Other types of IP right often do not have sufficient standalone value to form the basis of security on their own although there are exceptions. For example, trade marks that are particularly renowned (such as those in the fashion industry) and registered designs for the appearance of successful products can form a good basis for security. Where security is being granted over a package of assets, relevant IP is usually included so that the lender can realise the full value of those assets on enforcement.

It is also possible to grant security over a licence or sub-licence of a patent, provided that it is in writing and signed by the borrower and is not prohibited by the terms of the licence. Opinion is divided over whether it is possible to take security over a licence of other rights such as trade marks and copyright. Security can also be taken over applications for IP rights although these rights usually have limited value until registered.

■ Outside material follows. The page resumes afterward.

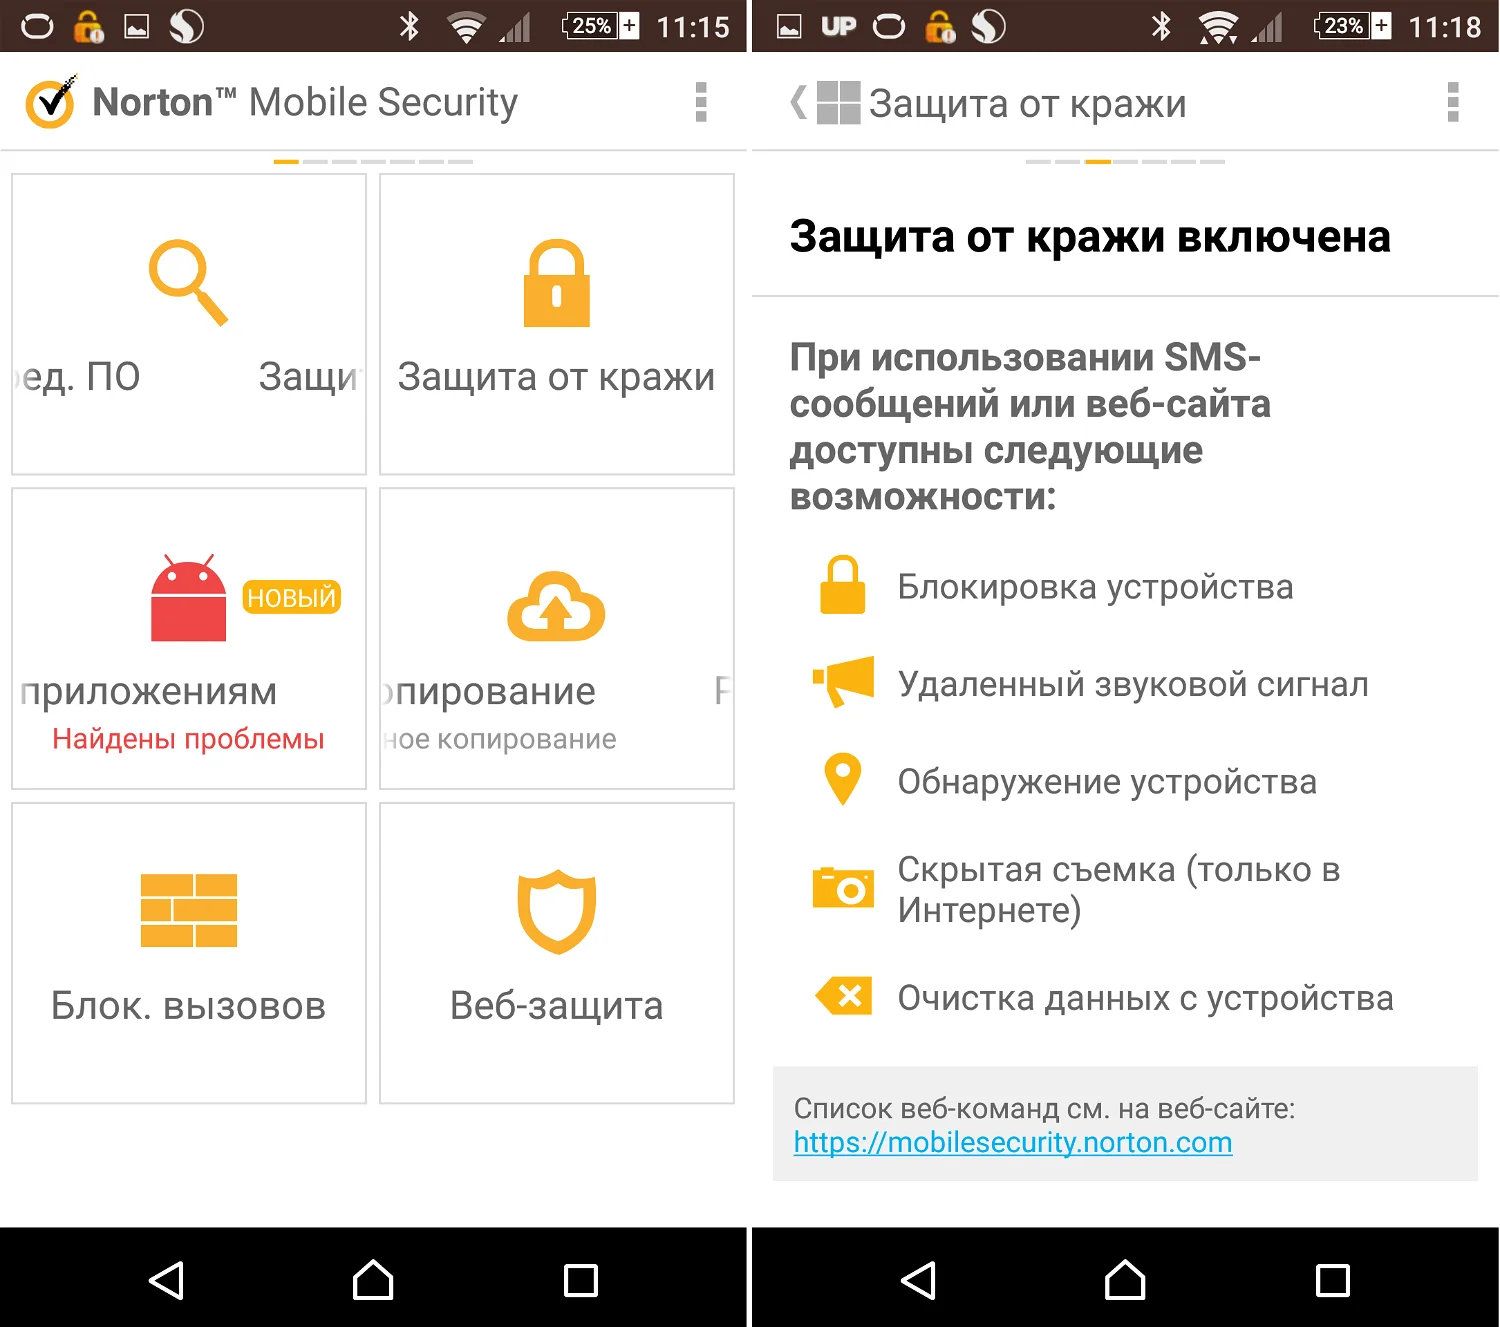 Скріншоти російською мовою зроблені порталом Comss

It goes without saying that borrowers should think carefully before granting security over any valuable IP rights and consider the potential impact of losing any such rights in the event it defaults on the loan. 

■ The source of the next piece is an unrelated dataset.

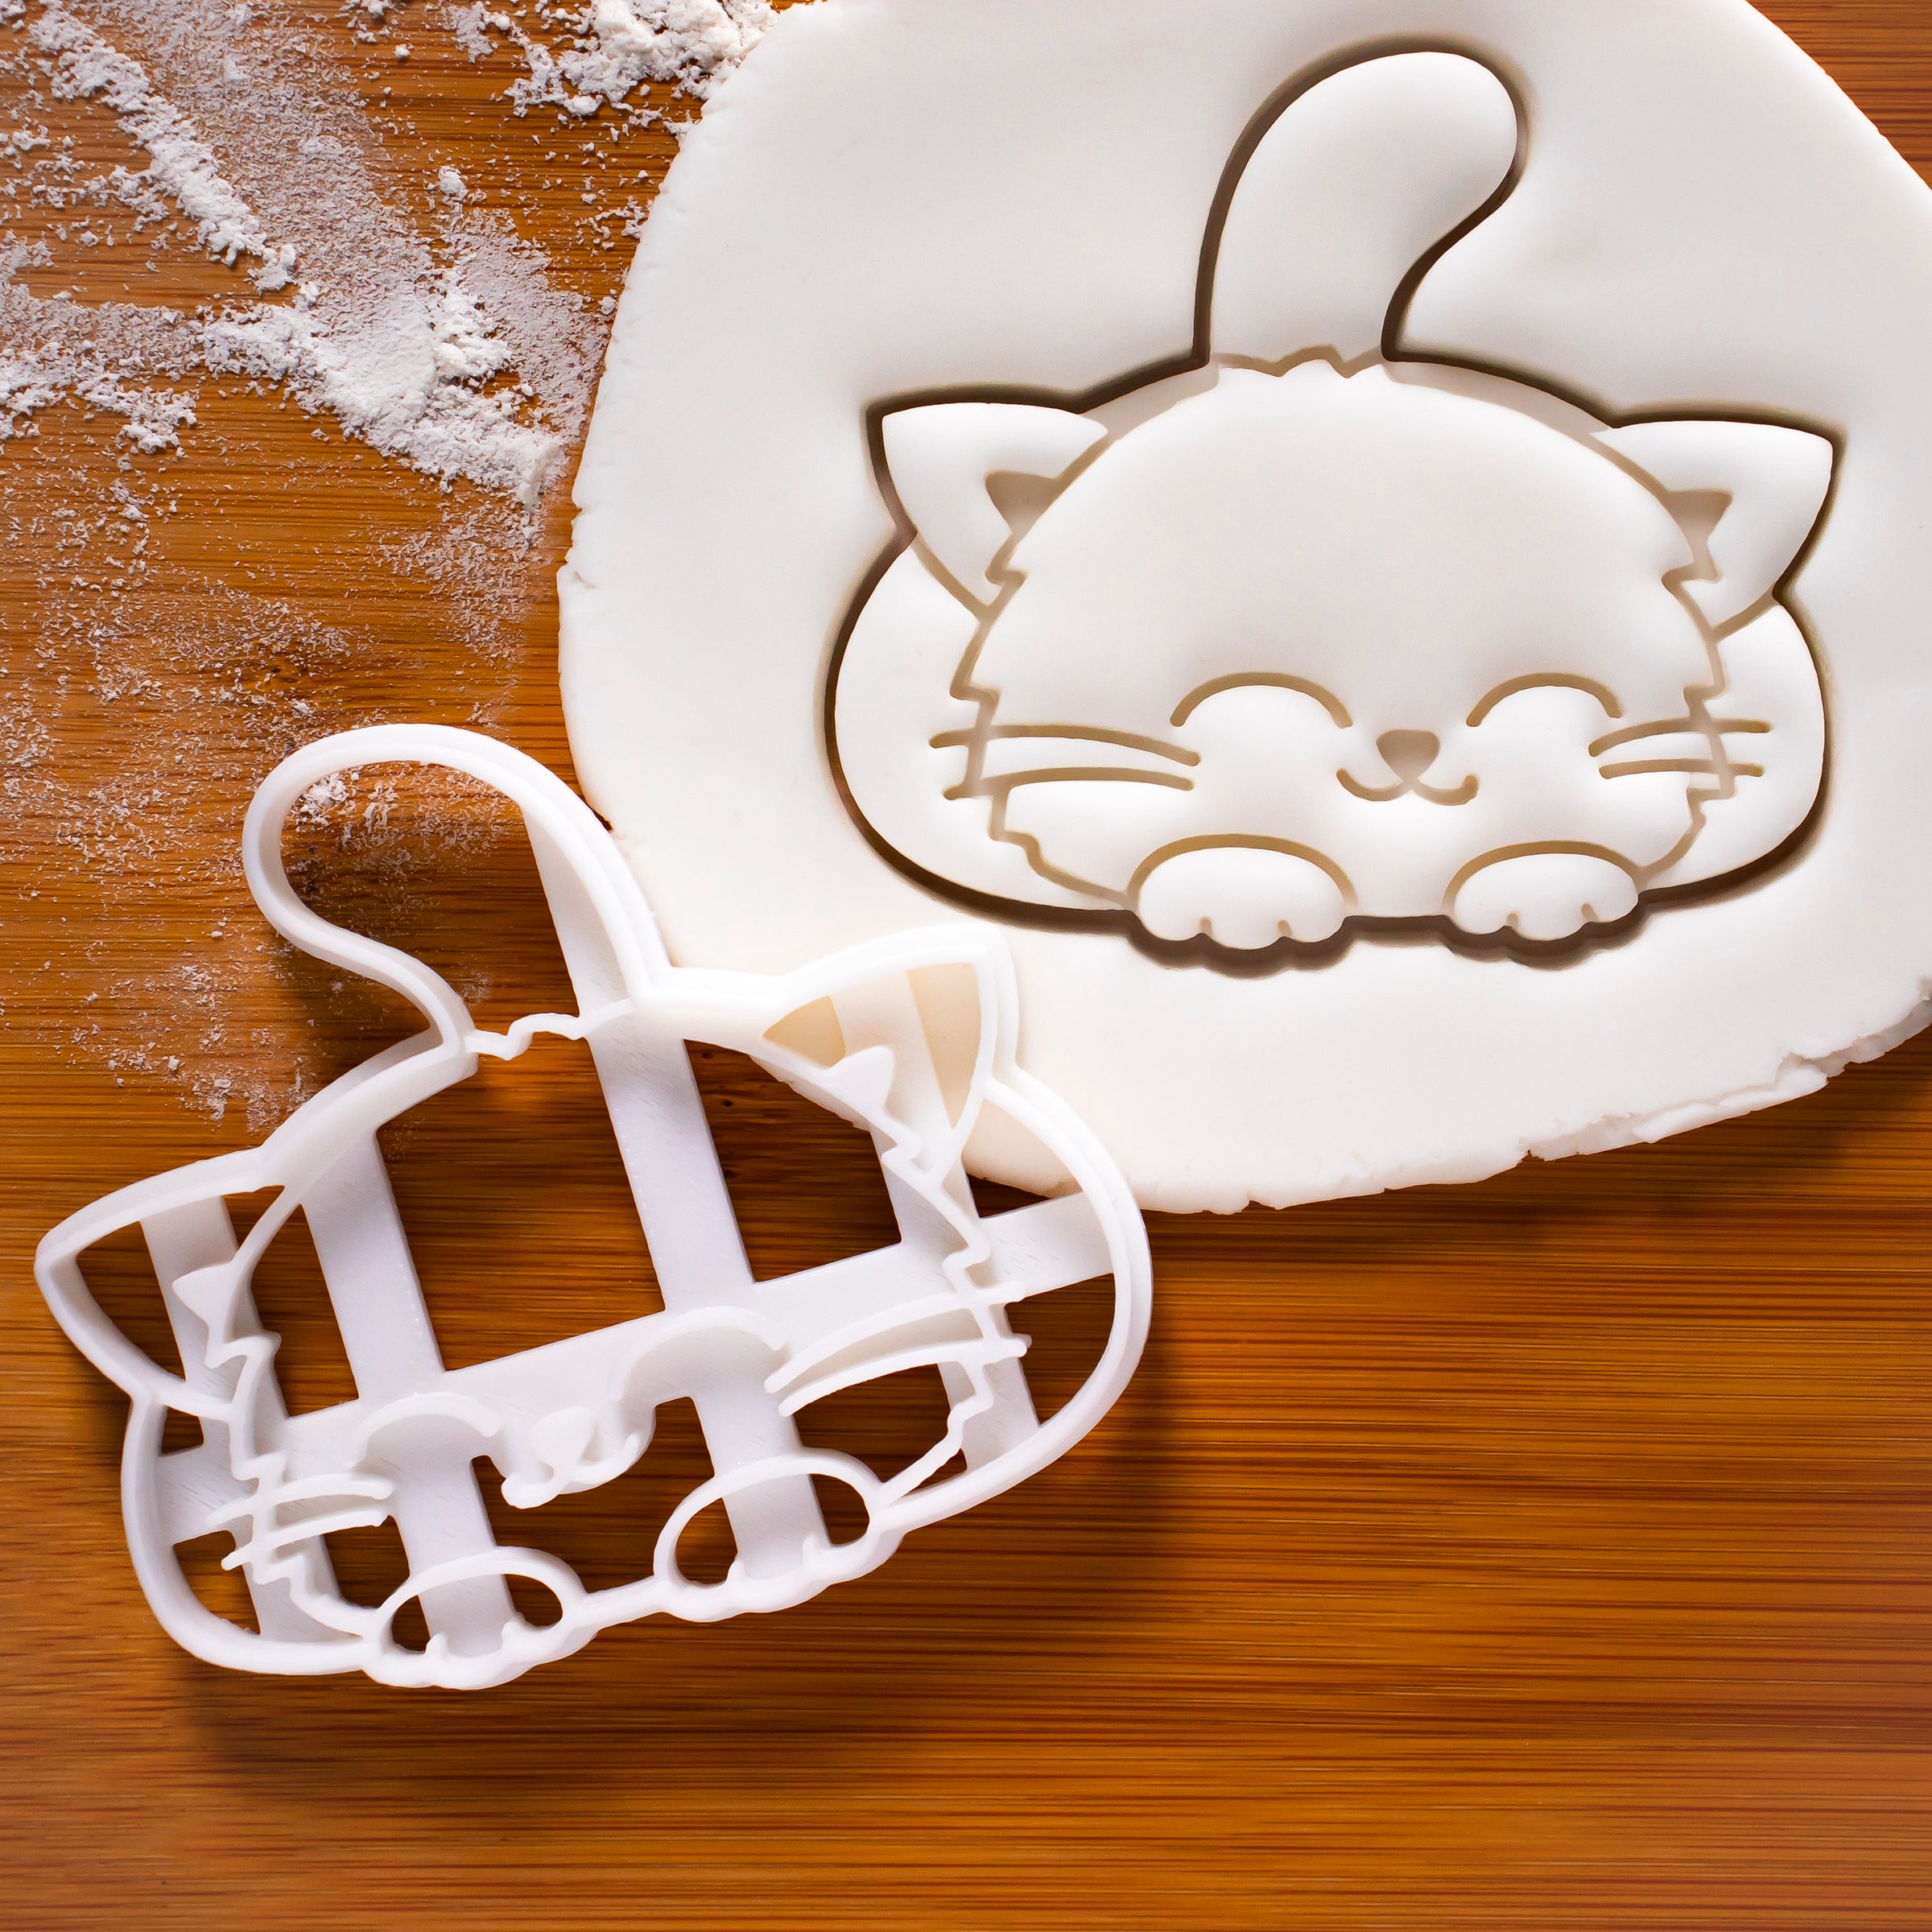 Cute smiley cat cookie cutter

What types of security are relevant?

Since IP is intangible it is not possible to take a pledge over it - possession of the asset in question being required for a pledge. However, a pledge can sometimes be taken where IP is embodied in a physical item such as a master copy of a film. More commonly, a mortgage or charge is taken over IP rights.

Mortgage

A legal mortgage is generally the safest form of security. This is because legal title to the IP is assigned to the lender. This is usually achieved through an assignment by way of security. Simultaneously, the borrower retains a beneficial equitable interest in the mortgaged IP called the equity of redemption. The borrower will be entitled to the re-assignment of the legal title to the IP upon the full discharge of its debt.

A licence will usually be granted back to the borrower to allow it to use the IP. The licence-back should generally be exclusive, royalty-free, limited, and the lender should have the power to terminate the licence if the borrower defaults on the loan. 

The main advantages of a legal mortgage are that it protects the lender from disposal of the IP rights secured by the borrower and makes enforcement by the lender easier in the event of default. However, lenders can be reluctant to take a legal mortgage over IP rights since owning legal title to those rights comes with various administrative and other obligations. In particular, the lender will have to maintain the rights, record the assignment (as well as the grant of security) at the relevant IP registries and be a named party in any infringement and other proceedings. The grant of a legal mortgage also requires more complex documentation.

Fixed charge

A fixed charge involves the creation of an encumbrance over the IP rights in question. Provisions are generally included to ensure that legal title to the IP rights can be transferred to the lender in the event of default by the borrower. One way of achieving this is for an executed but undated assignment of the IP to be entered into, which is held in escrow by the lender, to be used if the borrower defaults.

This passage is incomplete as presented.